While I was listening to Mack 10’s Soft White, I couldn’t help but wonder if gangsta rap was still relevant.
Discussing the lifestyles of inner city and urban youth, gangsta rap found its start in the late 1980s with guys like Ice-T and groups like N.W.A. telling shocking stories from the streets. With a healthy resentment for law enforcement, gangsta rap told the truth with respect to the experiences of many inner city youth.
But as times changed, so too did the impact of gangsta rap. With the East Coast/West Coast feud in the rear-view mirror, rap moved more into the mainstream and away from the violent imagery of artists like Tupac and Biggie. Part of the appeal of some of the great 1990s gangsta rap was that it sat well outside of the pop mainstream; it was dangerous and your parents would kill you for listening to it.
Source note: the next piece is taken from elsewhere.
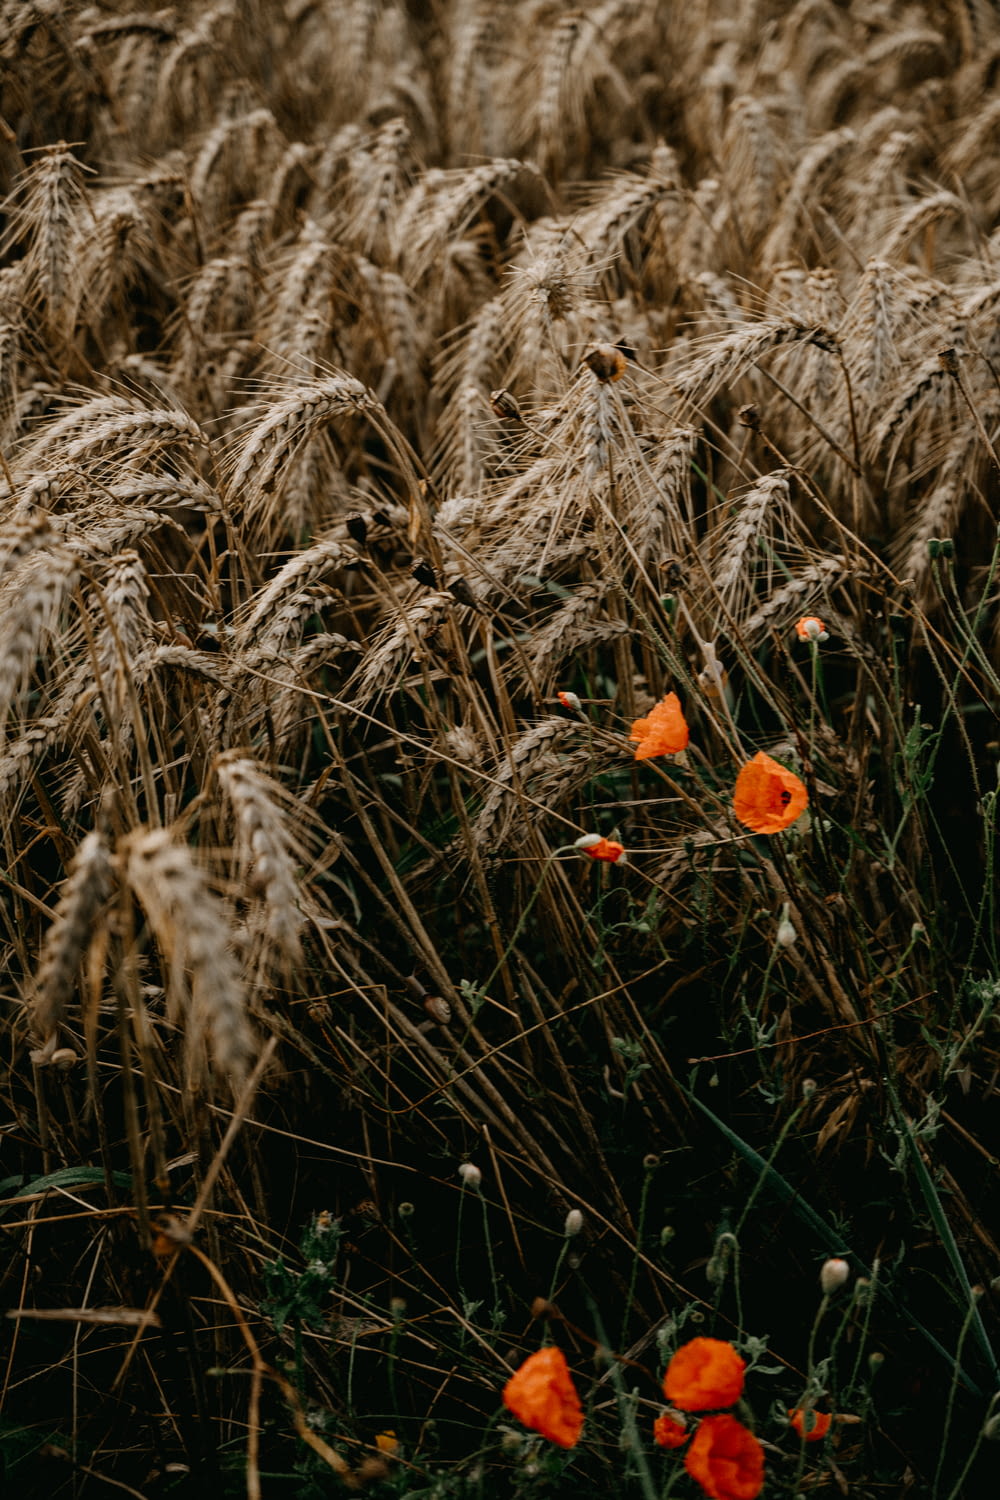 orange flower surrounded by brown wheat plants

By the late 1990s, though, a shift took place. “Bling-bling” was introduced, sample-heavy backing tracks became the flavor of the day, and most rappers began to celebrate the acquisition of wealth rather than protesting the squalor of the inner city.
And then, before you could say “G-Unit,” gangsta rap wasn’t outside the mainstream anymore. Gangsta rap was the mainstream.
Some artists still try to sit outside the softened edges of gangsta pop and some have brought their history with them in hopes of boosting their credibility.
Mack 10 is one such artist. At 38-years-old, he's got several years behind him in the rap game. Since his debut in 1995, Mack 10 has been associated with WC and Ice Cube in Westside Connection and has steadily represented the West Coast while other rappers followed the mainstream’s flow right into watered-down, pop-rap territory.
Soft White, Mack 10’s ninth solo record and first in about four years, finds the rapper getting personal while refusing to abandon the swagger of the streets. With a mix of California beats and Southern-fried tang, the record is about what you’d expect musically.